During that walk so many things were bouncing around in my head. “That was so entertaining!” My brain was yelling at all the critics who had bashed the movie. What did they expect? A moving piece of cinema that rocks the very foundation of our society? Or maybe they were hoping for something showing that the world may have gone off kilter but it would right itself soon enough. Ok, what about the concept of a PIRATE movie did these people not understand? I didn’t go to this movie to be challenged, I came to be entertained. Pirates achieved that goal in stellar form. It was not about this movie meeting me where I was in my life, it was about pirates (although not as cool as ninjas) still being really cool and able to entertain, love, betray, and pilfer without too much alienation. I do not know what these critics were expecting, but I think they might be spending too much time at the movies (yes, there is such a thing) and not enough time on their personal lives. This could be causing them to try to have movies double as fulfillment in their lives and also their livelihood. You’re bound to be dissatisfied when you’re trying to live vicariously through movies.
The movie has amazing special effects. One thing I would really like to congratulate the movie on was the ability to use jokes from the first movie, but not to a point of exhaustion. Otherwise, I do not know what else to say about this other than, “It's entertaining.” Some movies are made to change our lives. Others are made to show what we need to change. However, some are made to remove us from reality for a bit of relaxation. The night that I saw this movie, I was definitely in need of the latter. I don’t care what the critics say. I liked it!
I ran through several different ratings in my head trying to figure out what would be the right one for this movie. I came up with a set of requirements that the movie had to meet, and I would rate it accordingly to how it met my expectations: 1) Was it worth the money I spent to see this movie? Definitely. Therefore, the movie already starts at a ten, since that’s the amount that I spent. 2) Did I have any need to hurt the directors or producers of this movie? (note: I have sometimes felt like that when I have seen a sequel that they totally ruined) No. That brings the movie to a 12. 3) How much did I enjoy this movie? Very much; I didn’t go to see something deep, I went to see some pirates. Good job, movie! Way to stick it to the man! My enjoyment of the movie bumped it up another 4 points. Bringing the total to 16. No matter what, I suggest that you go and see the movie for yourself and see if you enjoy it or if it reminds you of really bad eggs.

Friday, July 28, 2006

Brokeback Mountain

Cowboys and fishing trips and homosexuality, oh my! Considering all the Oscar buzz and controversy surrounding this movie, I was preparing myself for a great movie-going experience, or at least an intense one. Heath Ledger and Jake Gyllenhaal kissing is bound to ruffle a few feathers, and so many people were up in arms about something as masculine as the cowboy lifestyle being crossed with homosexuality. Needless to say, my interest was piqued. Now that I’ve seen the movie, I feel sort of gypped.

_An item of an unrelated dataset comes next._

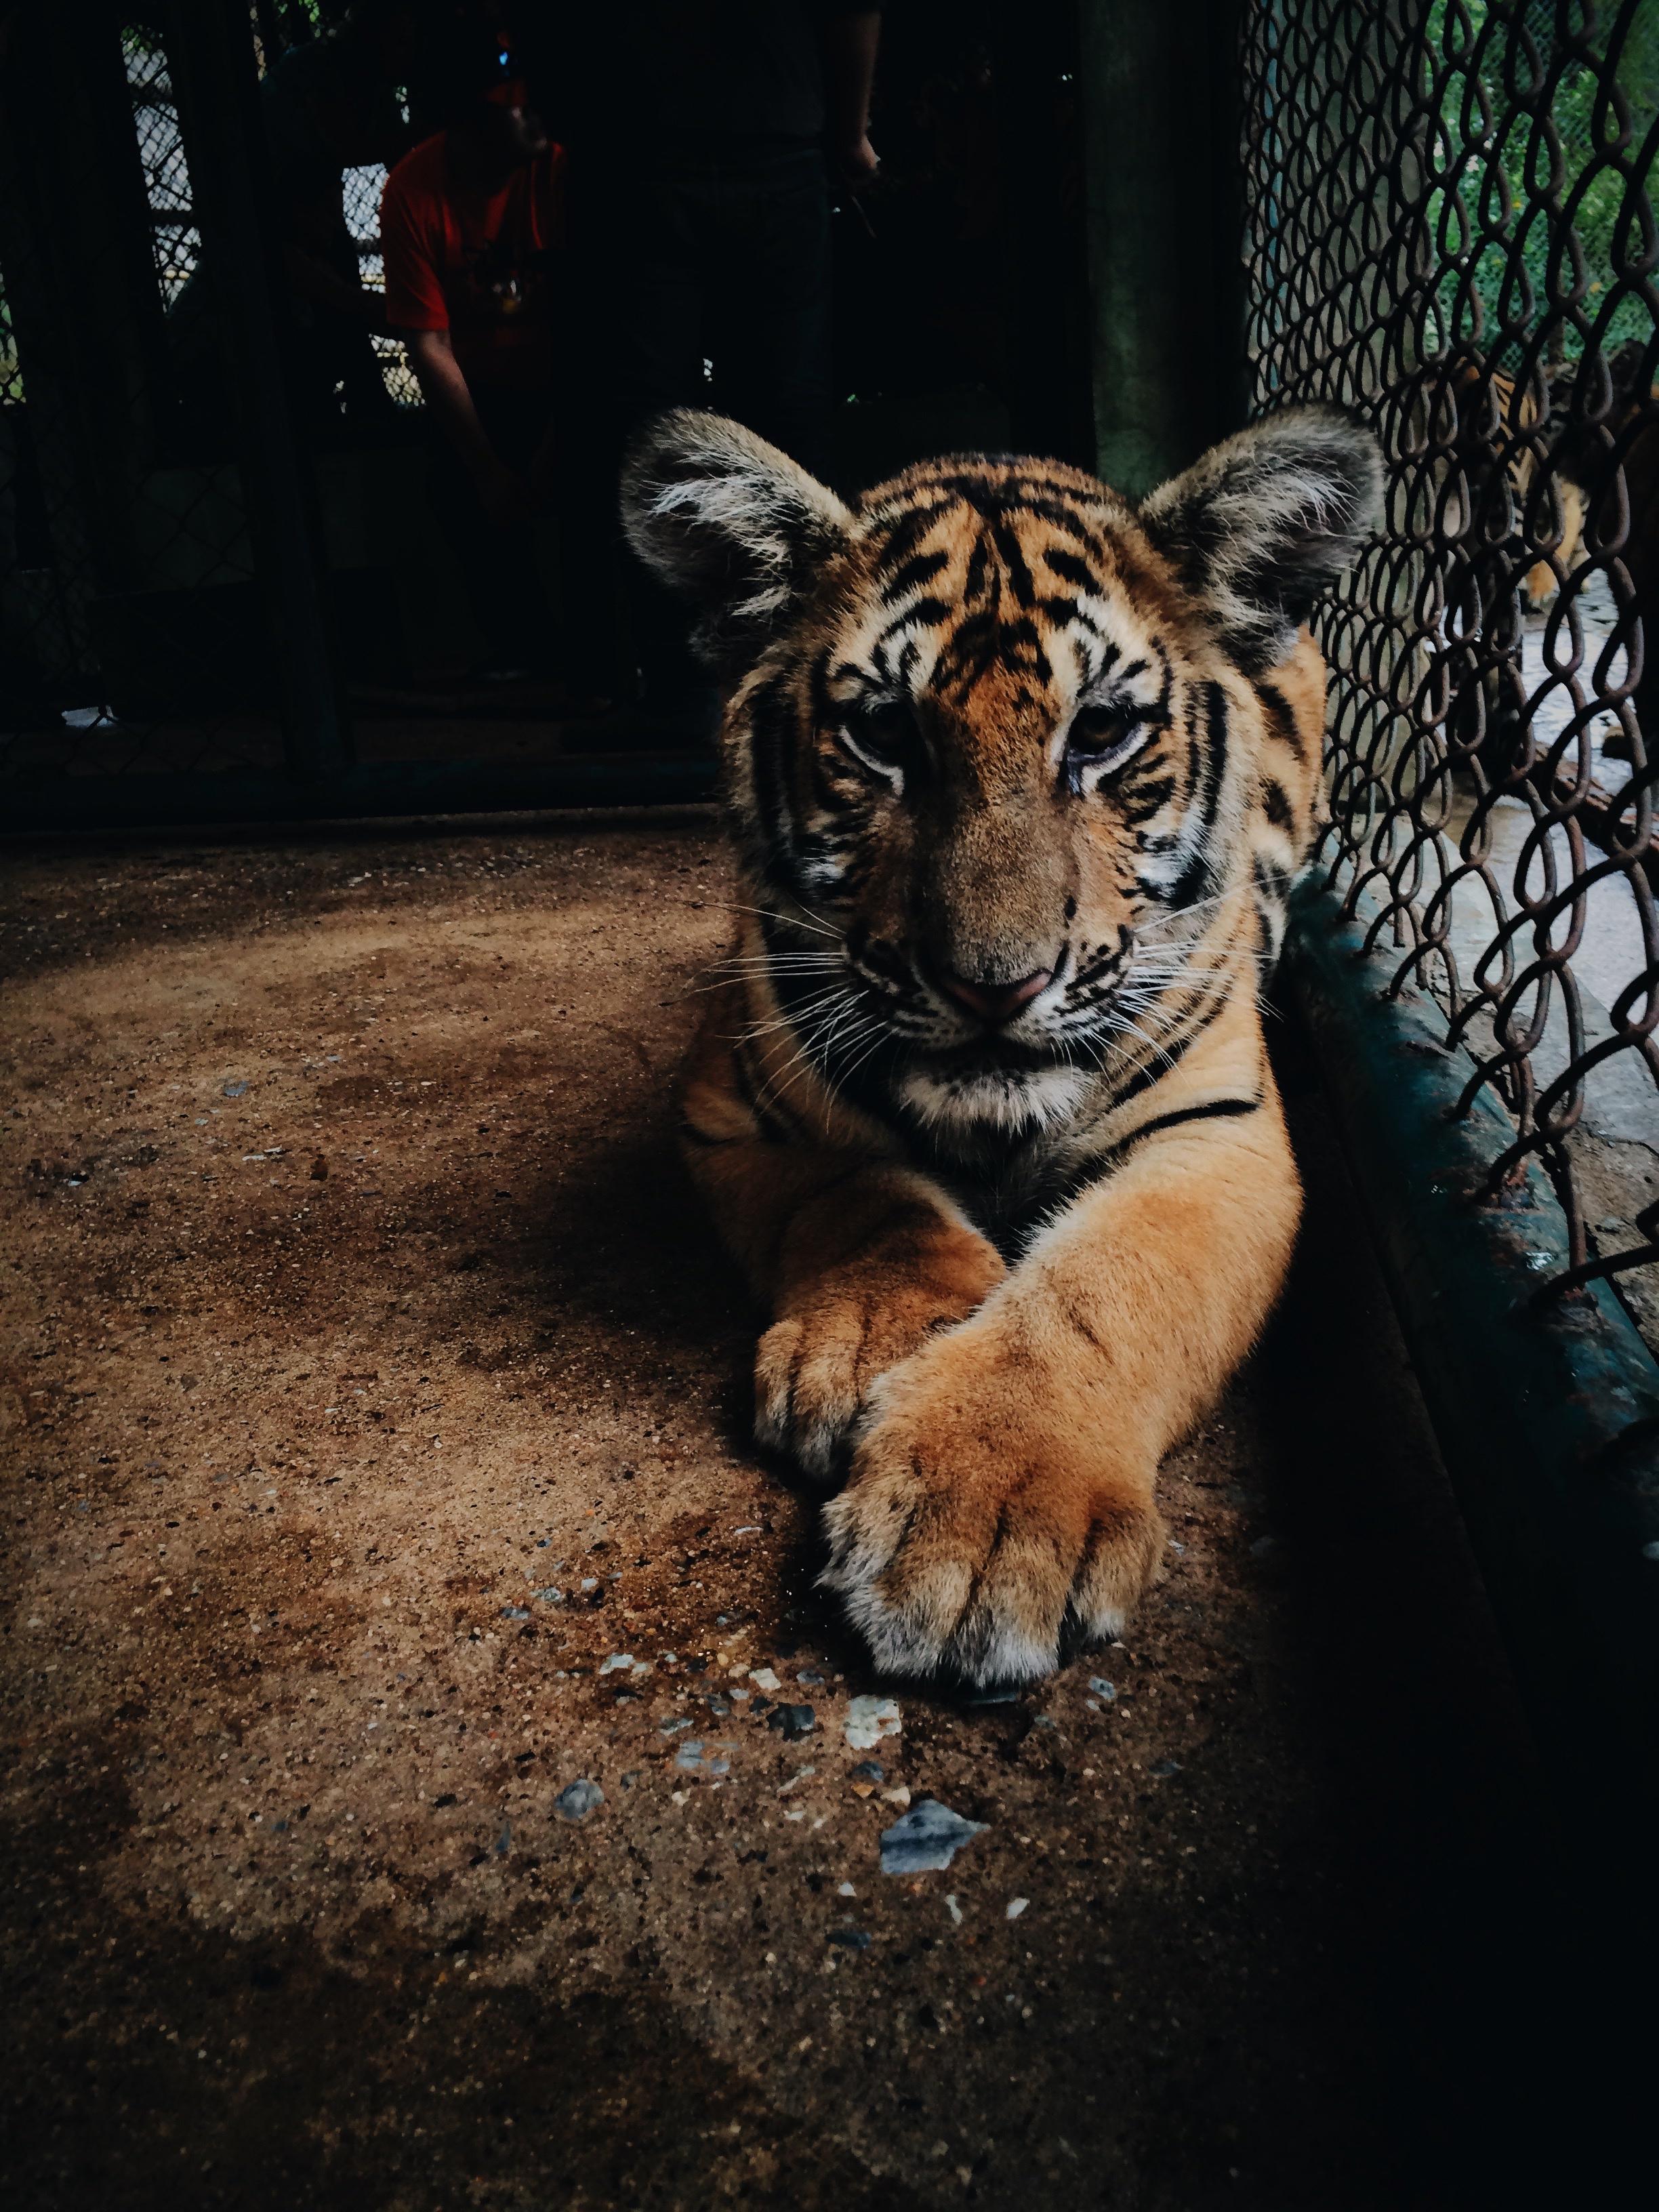 TIGER Photo by Paula Borowska

The movie didn’t go for shock value, which is good. It didn’t look at a homosexual relationship as something entirely normal, either, which is good, too. But that doesn’t leave it with very much room to go to. It would have been nice, I think, if the director made some sort of comment, even a miniscule one. Instead of making a statement and then letting the audience members make up their own minds, Ang Lee cut off his own tongue before he even got to that point.

The plot of Brokeback Mountain involves Ennis and Jack, two cowboys who find an interesting way to keep warm during cold nights on the prairie. The time period of the story is 1963 and back then, this type of thing was just not done. Even in this day and age, it would be met with acceptance but a few raised eyebrows. As unsettling or unusual as the subject matter is, the movie doesn’t really seem to care. The tone through the entire first act is one of voyeurism, with no energy put forth to make us like, sympathize with, or even understand the characters or their actions. The actions and reactions of the characters (at least in the first part) seem random and inexplicable, and the movie doesn’t even try to explain them. Things happen, and we as the audience feel like intruders, watching events that have nothing to do with us. Not that I’m callous, but why should I care?

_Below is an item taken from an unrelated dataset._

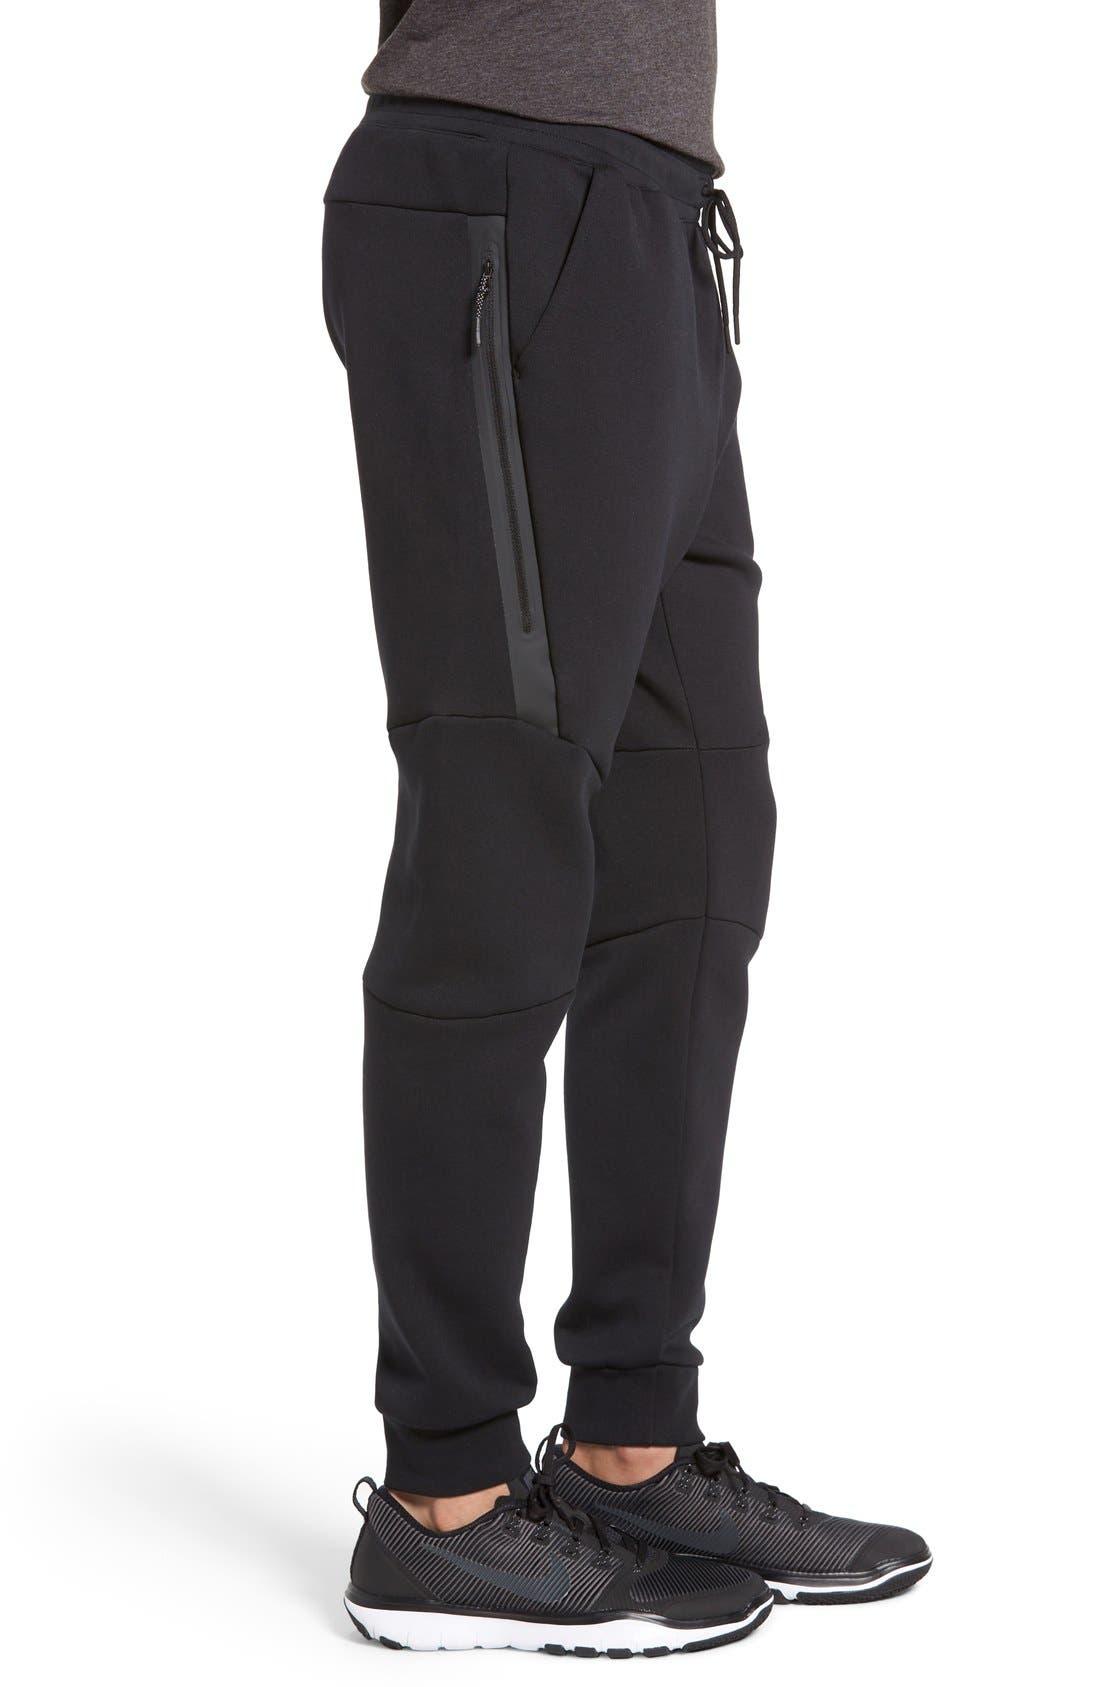 Tech Fleece Jogger Pants,                             Alternate thumbnail 4, color,                             Black/ Black

It took awhile for the story to introduce a character I could really get behind, but it did with Alma, Michelle Williams’ role. I totally felt for her as she watched her husband have an affair. I get the feeling that I would have had sympathy for Anne Hathaway’s character as well, if she had had more screen time. Jack and Ennis were the two involved in the relationship that was the main focus of the film, but the story I found much more involving was what happened with their respective wives. I wish a movie could have been made from their perspectives. The other supporting performances (Randy Quaid and Linda Cardellini) added great touches, being fully realized characters with very limited screen time.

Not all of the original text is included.